▶ _DATA_:
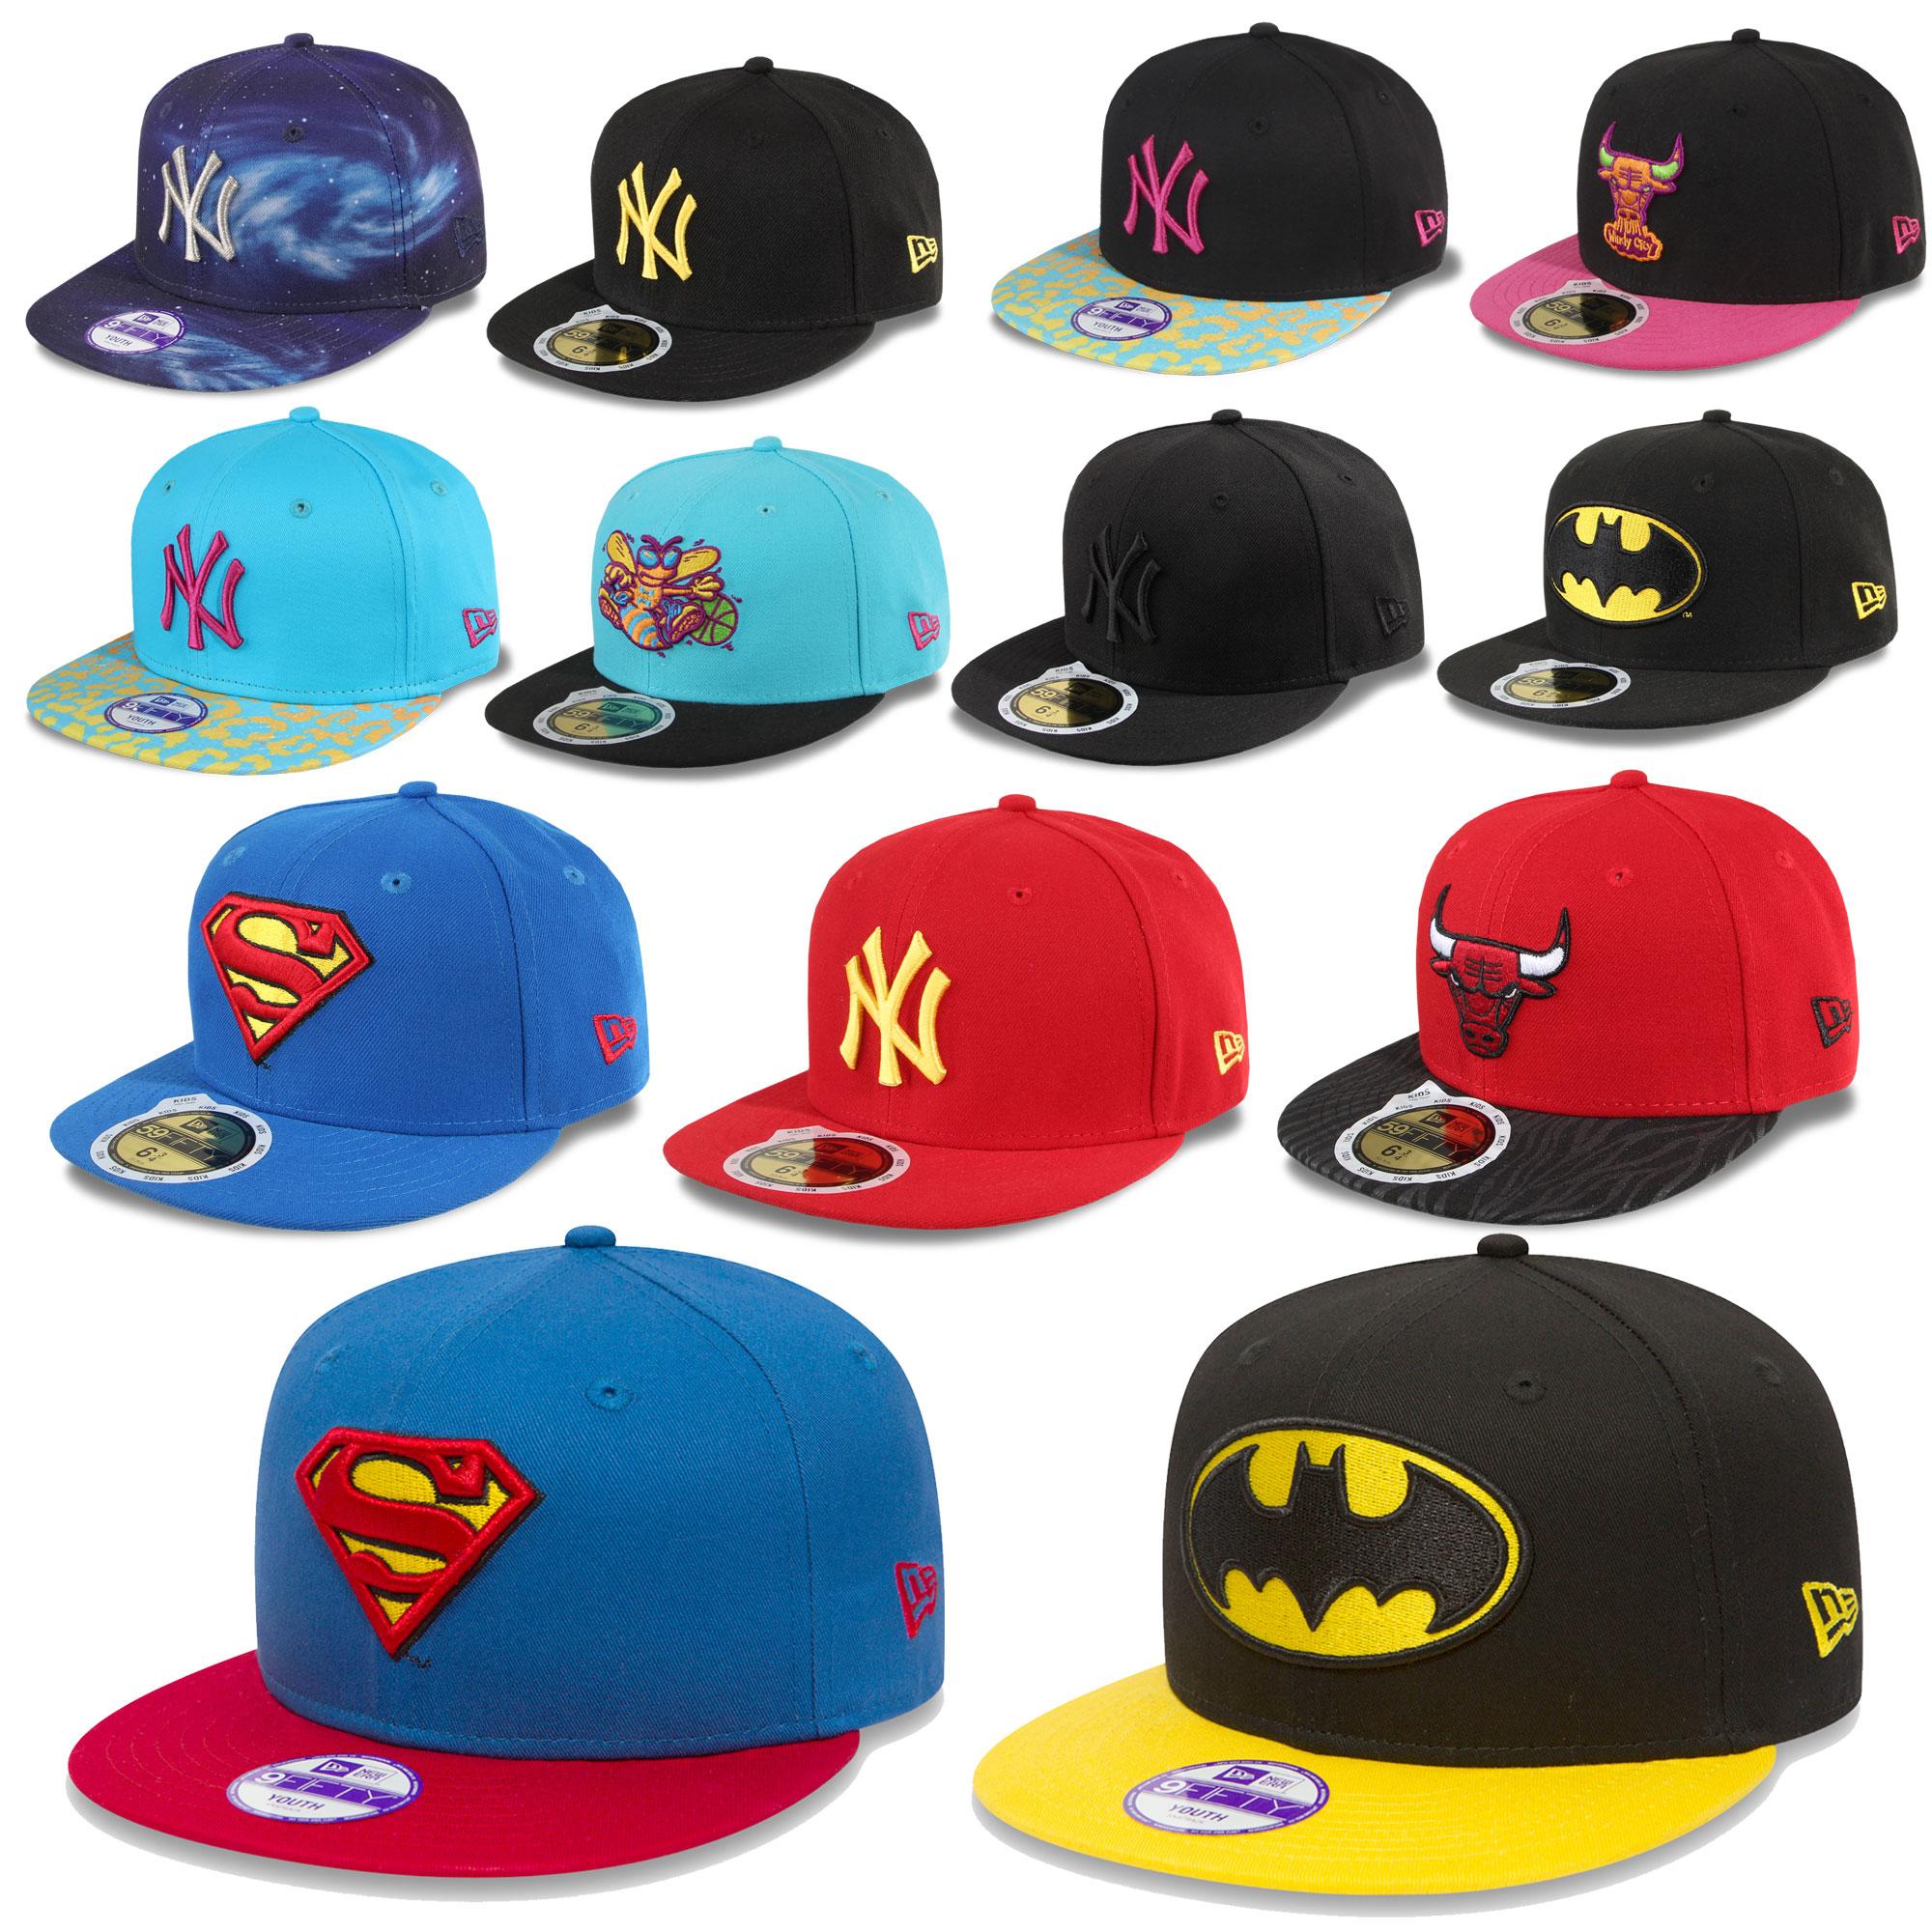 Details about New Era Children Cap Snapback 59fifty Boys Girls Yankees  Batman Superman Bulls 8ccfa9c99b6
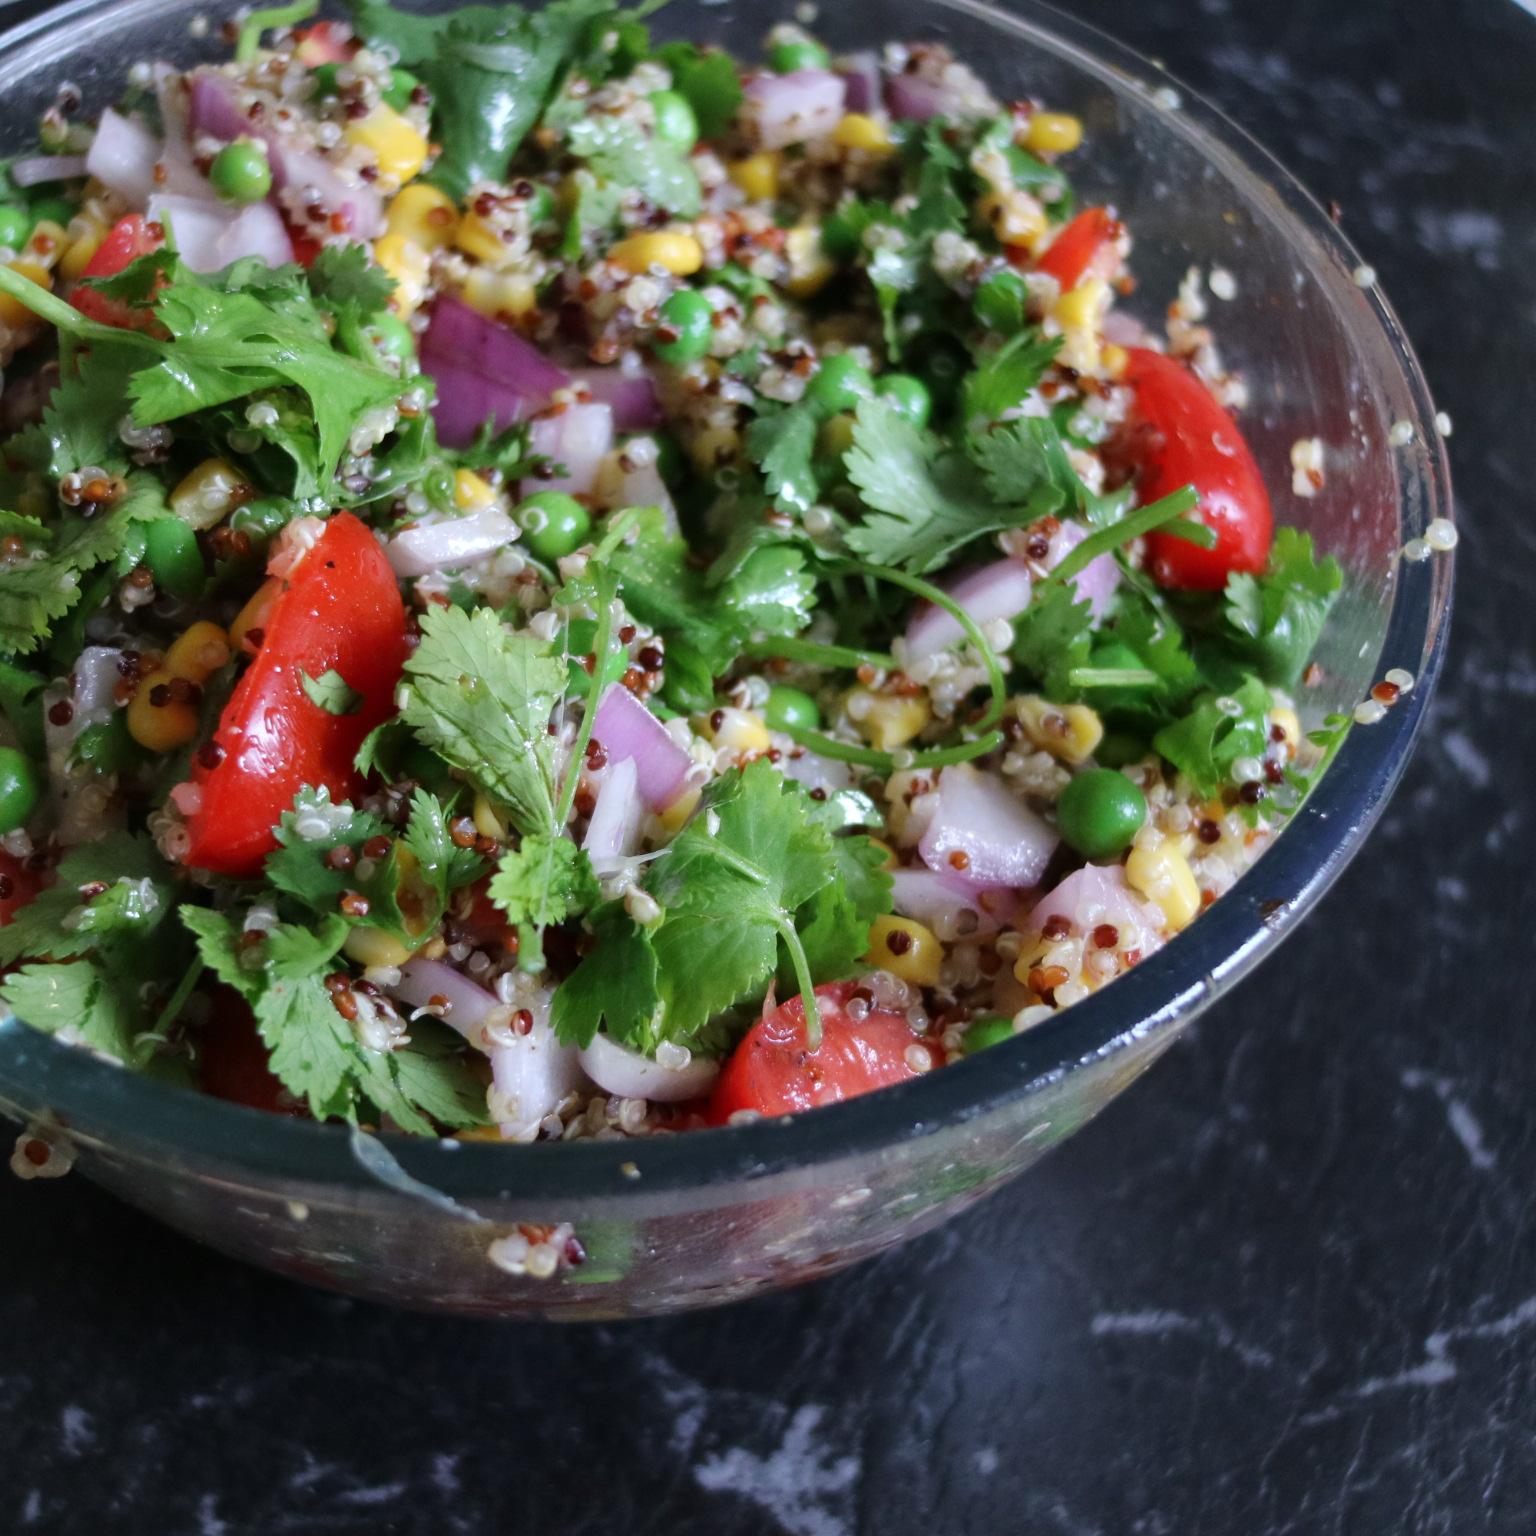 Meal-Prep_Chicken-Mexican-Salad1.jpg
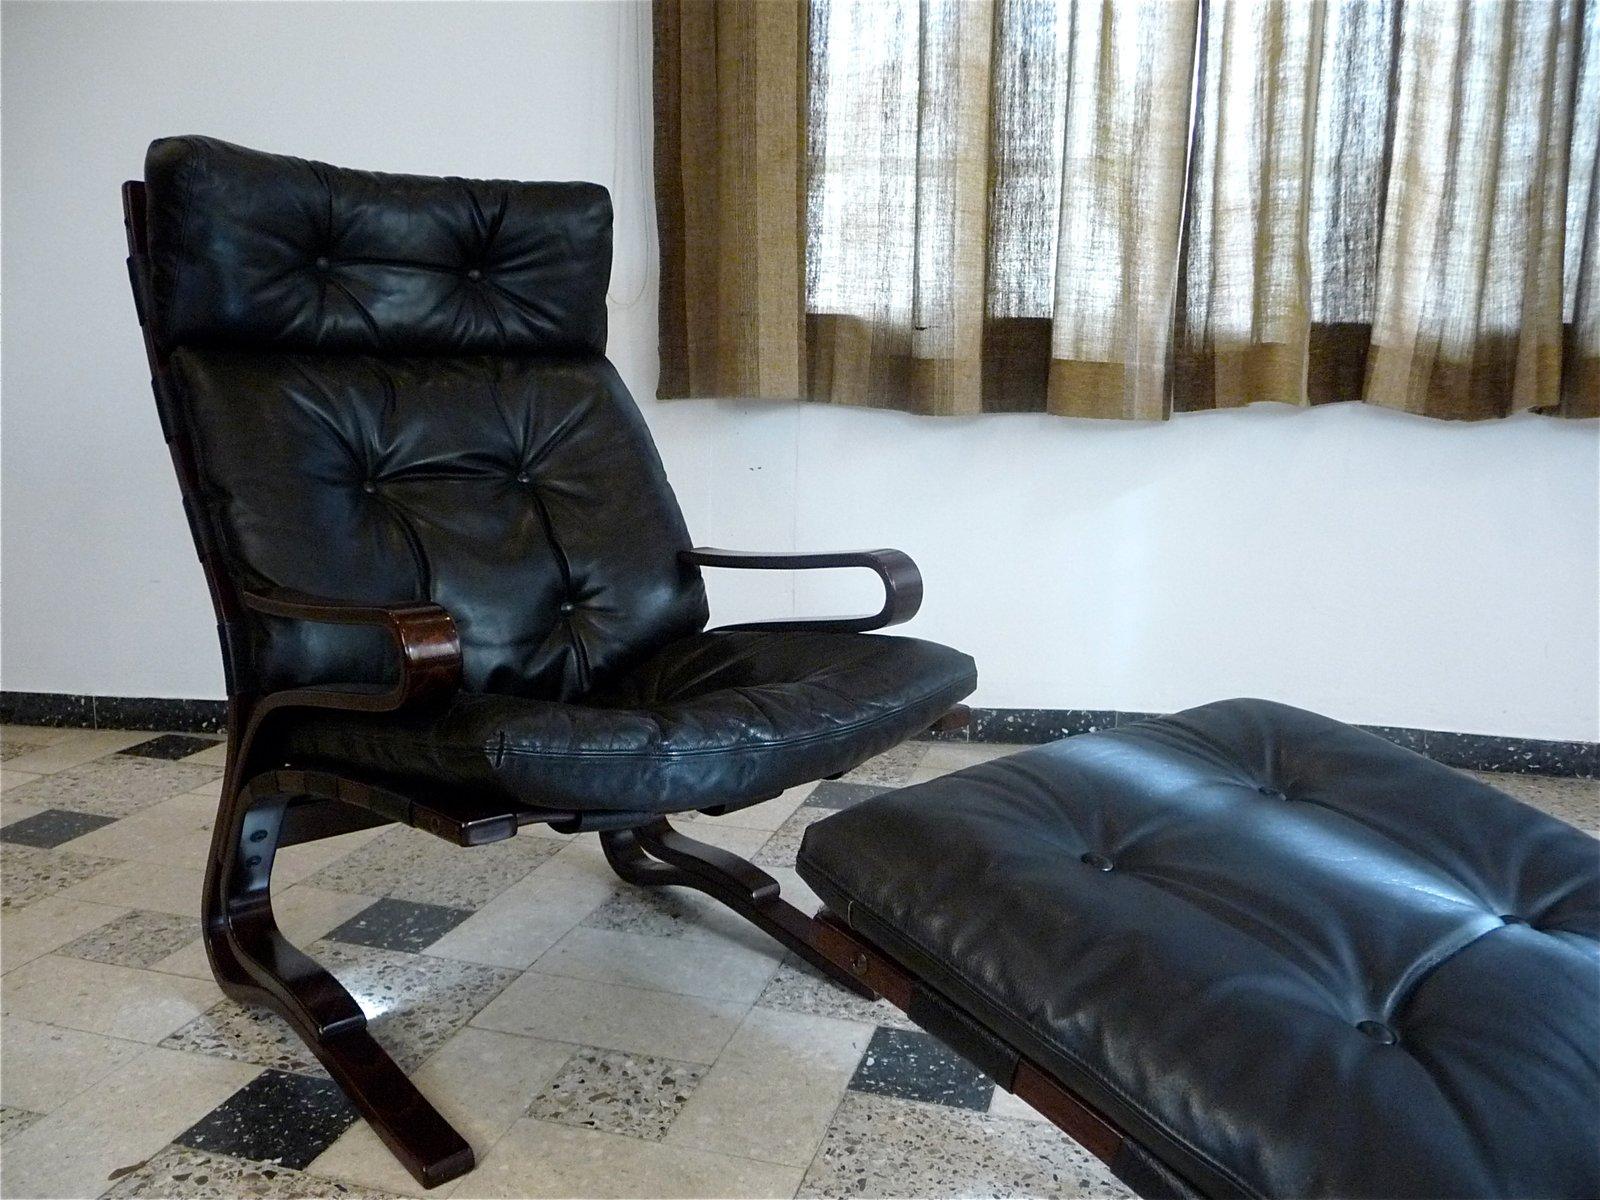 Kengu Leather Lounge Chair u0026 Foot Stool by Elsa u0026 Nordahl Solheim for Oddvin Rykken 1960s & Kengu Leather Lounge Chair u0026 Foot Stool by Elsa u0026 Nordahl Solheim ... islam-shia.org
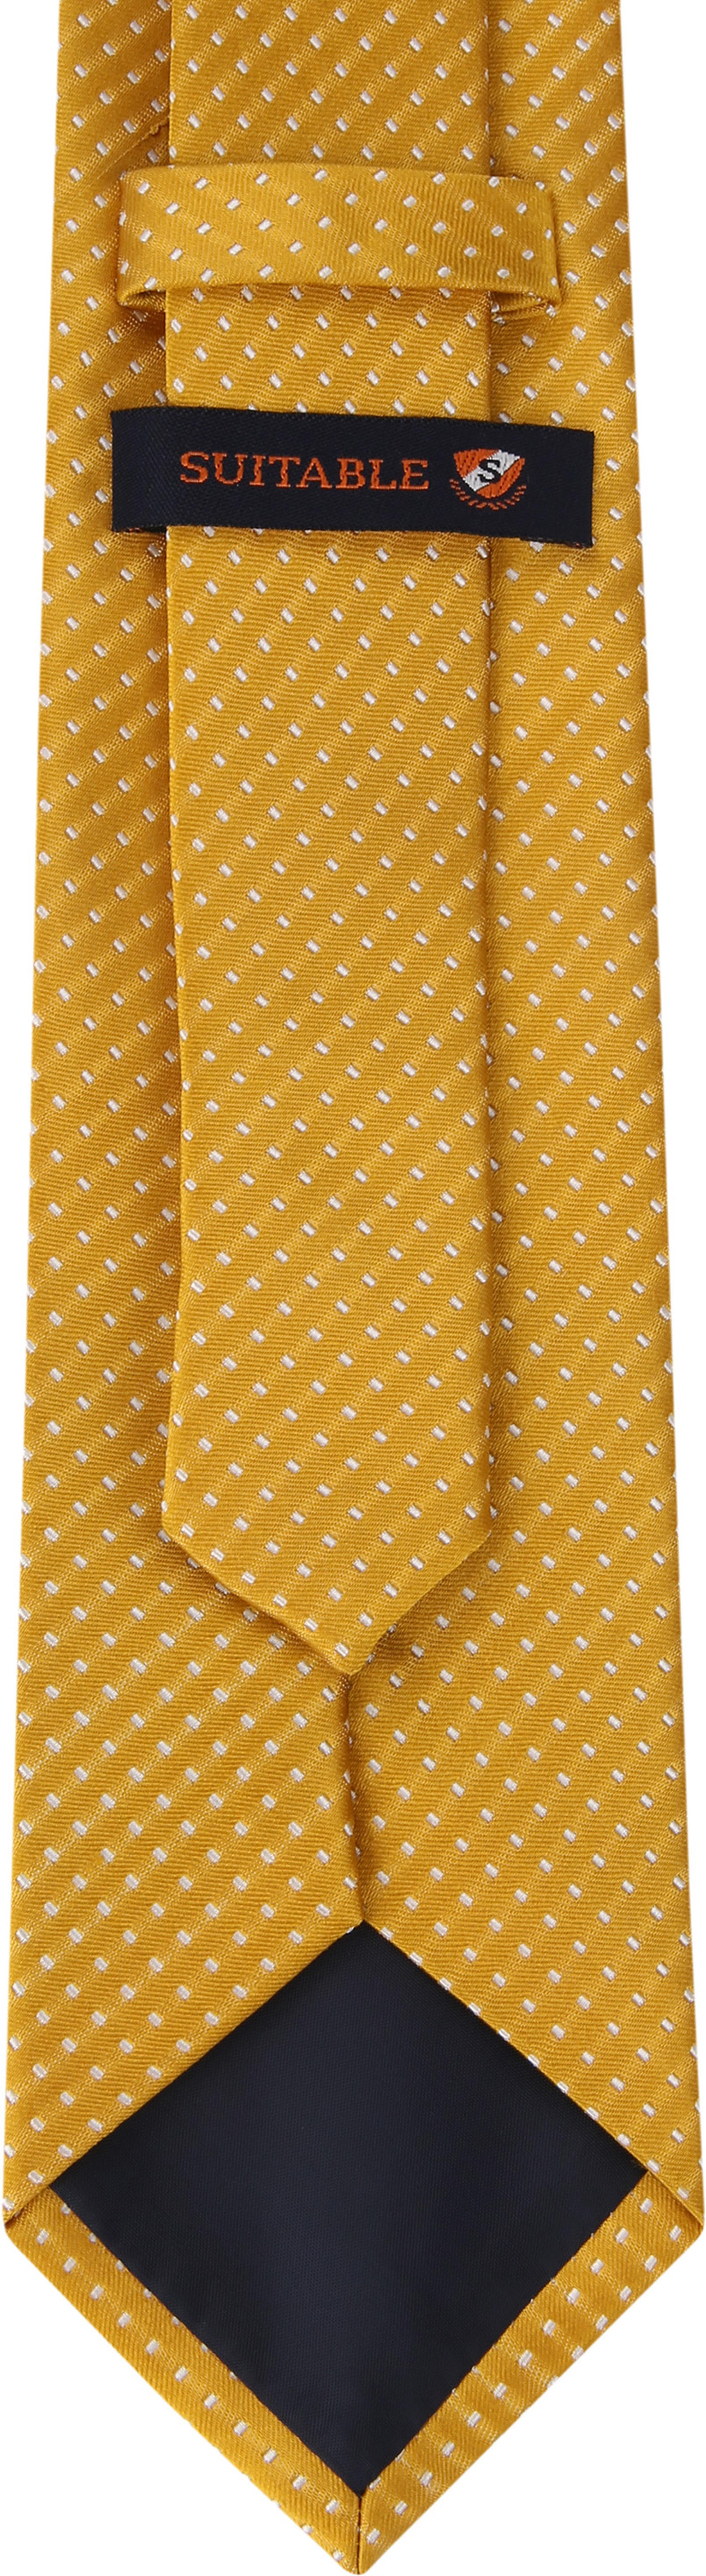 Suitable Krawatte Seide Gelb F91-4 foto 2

▶ _WHAT THIS TASK INVOLVES_: Only the lines from the line with "Solheim ... islam-shia.org" through the closing line of the data, both included, should be set down, exactly as written and without pictures.

▶ _SOLUTION_:
 Kengu Leather Lounge Chair u0026 Foot Stool by Elsa u0026 Nordahl Solheim for Oddvin Rykken 1960s & Kengu Leather Lounge Chair u0026 Foot Stool by Elsa u0026 Nordahl Solheim ... islam-shia.org
 Suitable Krawatte Seide Gelb F91-4 foto 2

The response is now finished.